Invited to Tibet to tame its wild demons by the eighth-century King Trisong Detsen, Padamsambhava was a tantric master from an area of northwest India commonly called Oddiyana. Although several previous Tibetan kings had established some connections with Indian, Chinese, and other traditions of Buddhism, the powerful ruler Trisong Detsen is said to have been bent upon establishing it as the state religion. However, the scholarly Indian abbot Shantarakshita whom the king invited to Tibet was unable to impress and convert the anti-Buddhist factions (especially those in the spirit world) that opposed this conversion. The story goes that the learned abbot then recommended Padmasambhava as a master with the right charisma and power to handle the volatile Tibetan situation. Padmasambhava’s hagiography is replete with graphic descriptions of his suppression and taming of Tibet’s fierce spirits as he crosses the border from Nepal, not to mention his subsequent wrangles with the conservative Tibetan aristocracy. He finally succeeds in initiating the king and some of his retinue in several key tantric traditions and leading them through a series of esoteric meditations at the mountain cave retreats in central Tibet. Some of these meditations involve sexual yoga, and Padmasambhava takes as his principal consort and disciple in these yogas the Tibetan lady Yeshe Tsogyal, who had been one of King Trisong Detsen’s own queens. It is also Yeshe Tsogyal who helps Padmasambhava hide many treasure texts (gter ma) in Tibet, earmarked for future generations, before the master at last leaves Tibet.

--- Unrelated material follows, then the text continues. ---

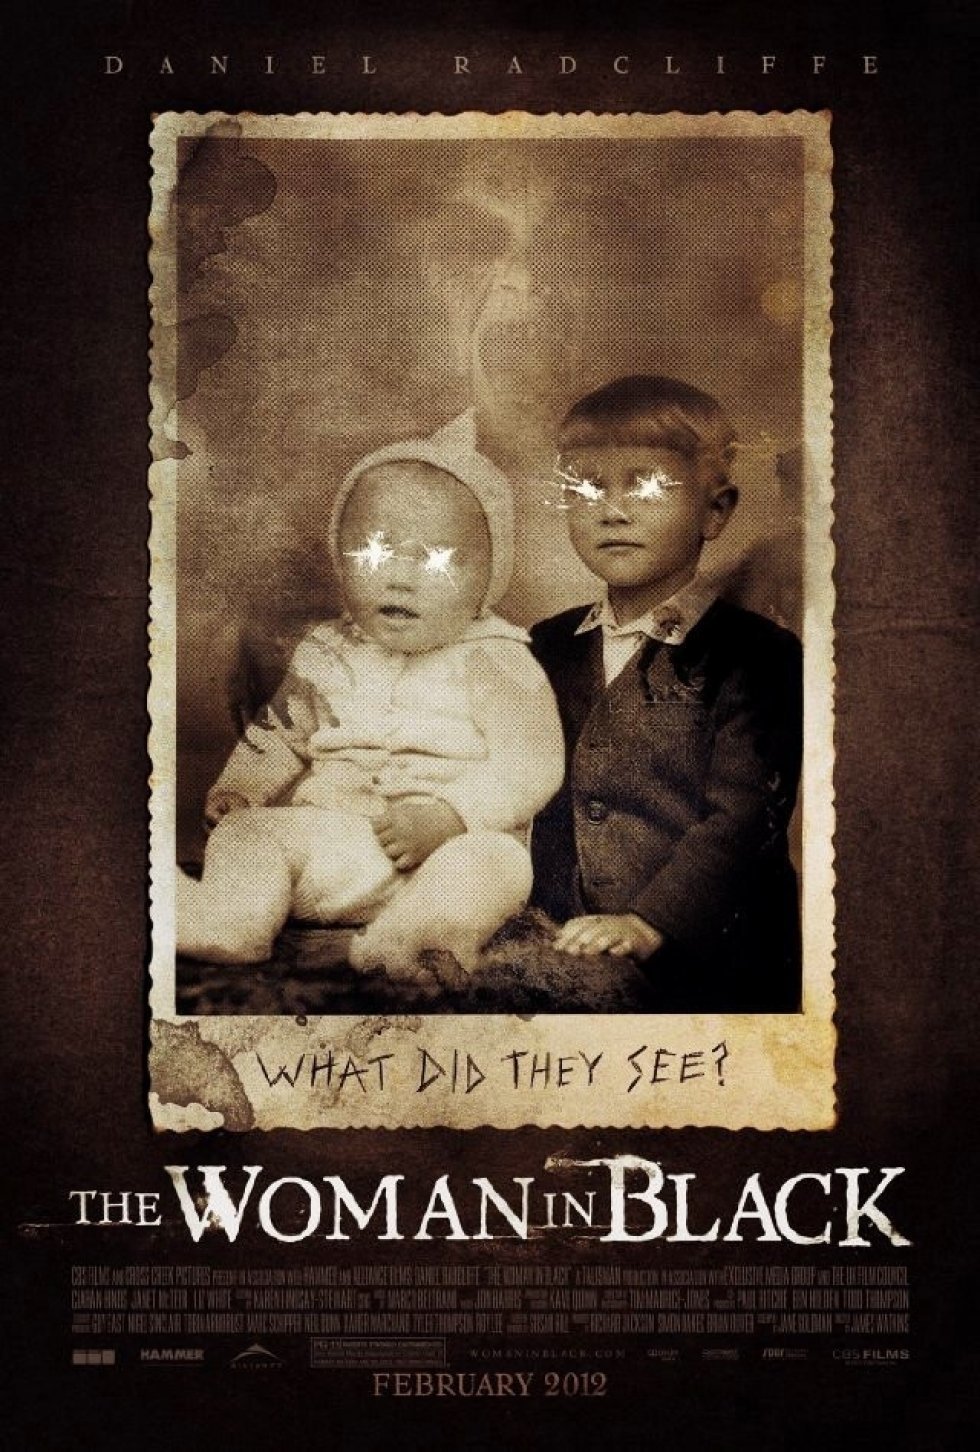 SF FIlm - The Woman in Black - Old school spøgelseshistorie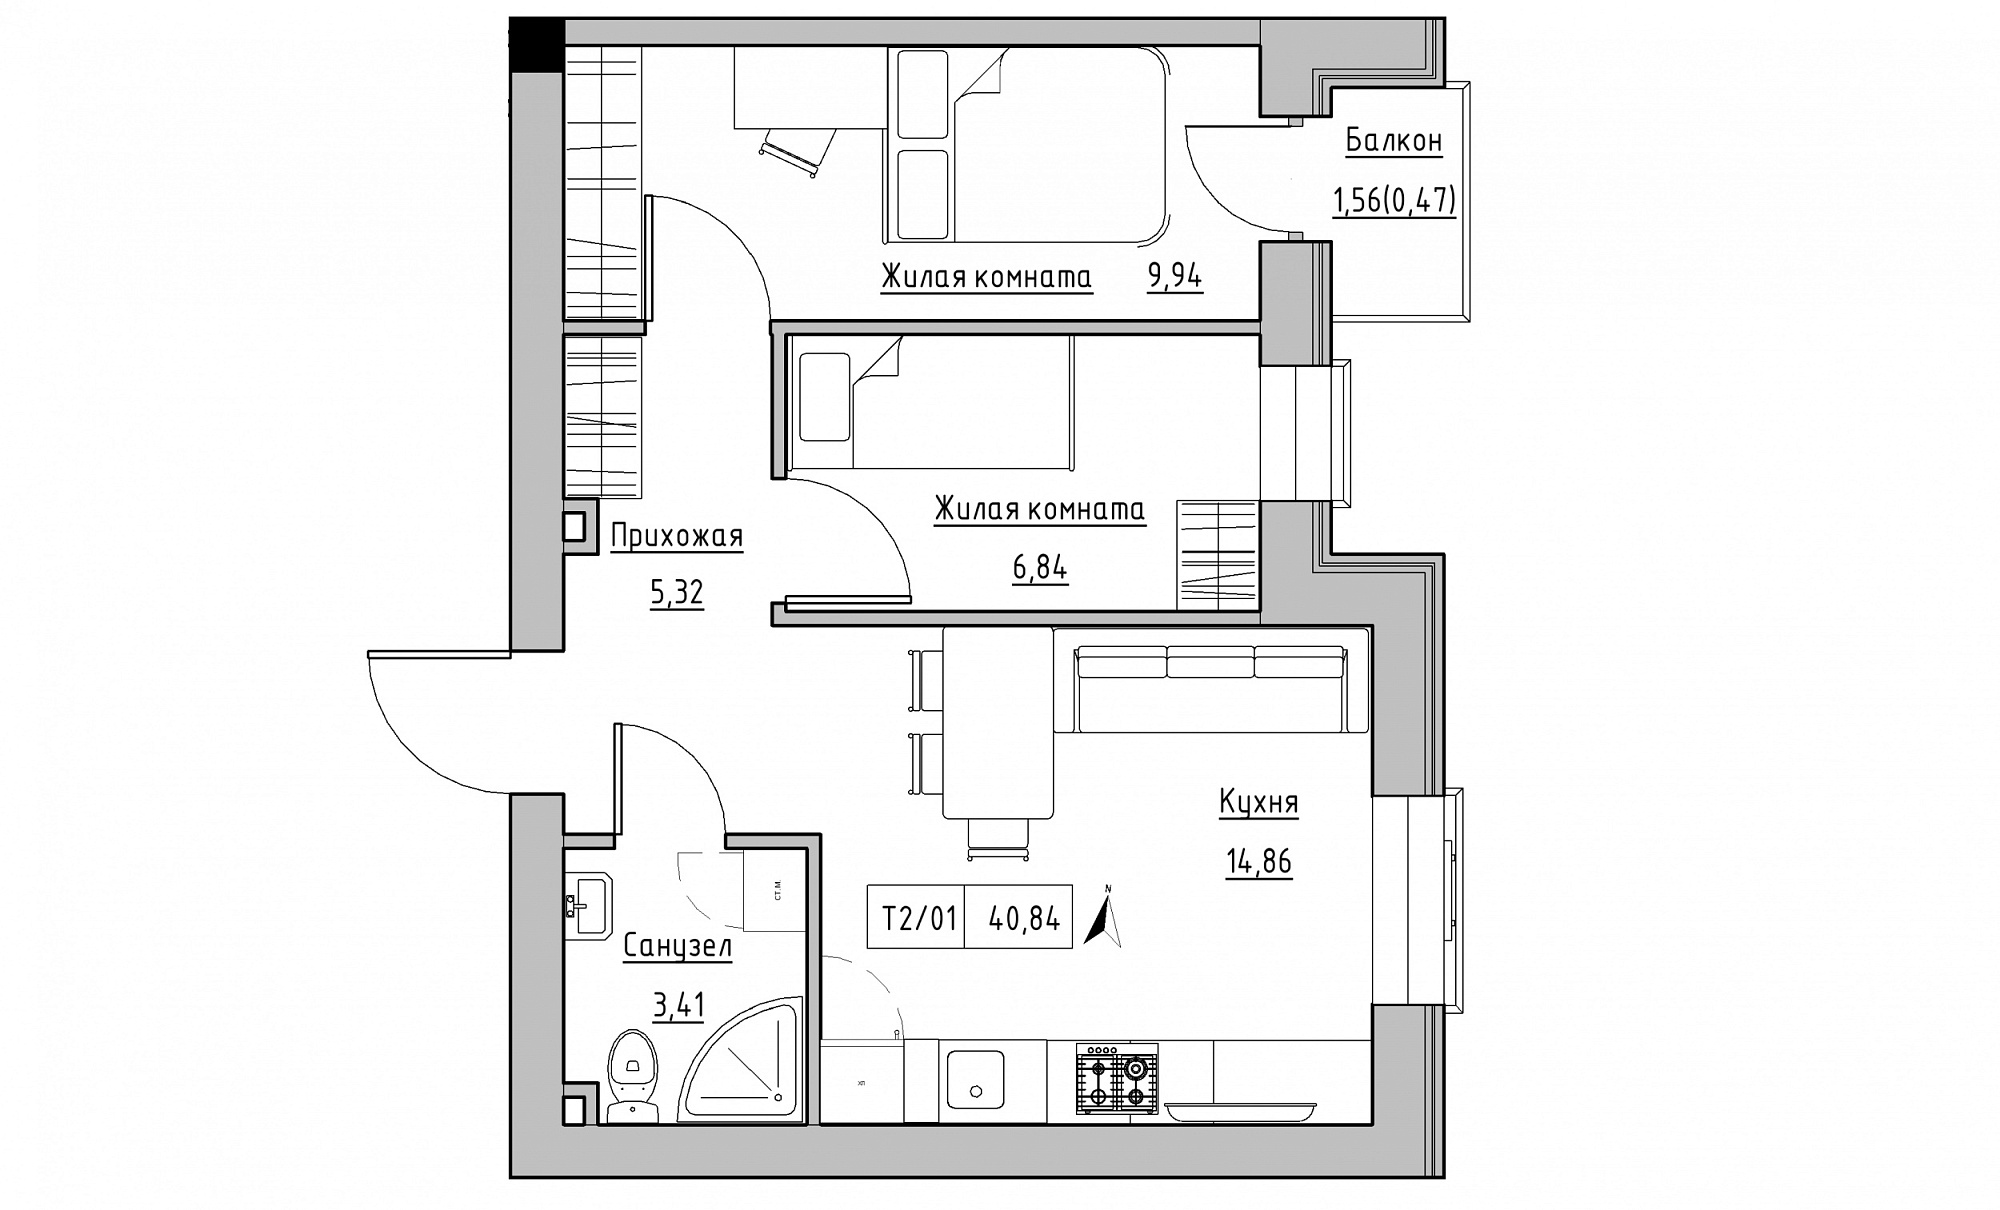 Planning 2-rm flats area 40.84m2, KS-015-03/0006.

 Mandarava plays little part in these events, but her story is sometimes told in the earlier chapters of Padmasambhava’s lifestory, when she was his consort in India, prior to his sojourn in Tibet.4 Since she has no apparent relation to Tibetans, one might wonder why her story is told at all, and particularly how she came to be the protagonist of the elaborate version of her present and past lives that is translated in this book; many other characters appear in the story of Padmasambhava whose full lifestories never appear. A significant part of the answer to this question revolves around the fact that Mandarava is female. Even if we were to regard her story only as an embellishment of the Padmasambhava narrative cycle, the fact that what provides this embellishment is female is most striking.

 Many contemporary scholars are coming to believe that much of the impact that Padmasambhava is portrayed as having in Tibet relates to his transmission of the controversial techniques of tantric yoga to Tibetans; and a large part of what Padmasambhava represents to Tibetans has to do with his virtuosity in the practices of consort yoga. In particular, his liaison with the Tibetan queen Yeshe Tsogyal importantly sets the stage for the subversion of the traditional forms of patriarchy, kinship structures, and power relations that ensued as tantric religion gained sway in Tibetan culture. And although for Tibetans Padmasambhava’s relationship with Yeshe Tsogyal is one of the primary markers of this cultural transformation, the fact that he also is depicted as having taught and practiced consort yoga with many other women only reinforces his image as the master of this esoteric tradition. As a very common Tibetan prayer says, Padmasambhava ever has “many dakinis circling around him.” Dakini is a polysemous category of female figures, sometimes referring to goddesses, sometimes to human women, in tantric Buddhism. Mandarava, devoutly called the “head of one hundred thousand dakinis” in the opening to the current work, is the other main consort of Padmasambhava, the Indian counterpart of Yeshe Tsogyal. This is a key element of Mandarava’s claim to fame in Tibet.

 However, the Tibetan reader’s interest in the story of Mandarava and her status as a dakini is not particularly motivated by a desire to glorify the legacy of Padmasambhava; her female gender has a great significance of its own. That is, Mandarava is a female heroine in her own right, and it would be accurate to say that her connection with the famous Padmasambhava serves to enhance her image, rather than vice versa. The function of Mandarava as a female heroine is most appropriately understood in light of the large numerical gap between the precious few female Buddhist heroines in Tibetan literature and lore and the much more numerous male heroes. Like the separate lifestory of Yeshe Tsogyal, the story of Mandarava translated in this book helps fill that gap by providing detailed narratives of what the life of a female Buddhist practitioner might entail and what a powerful female saint is like.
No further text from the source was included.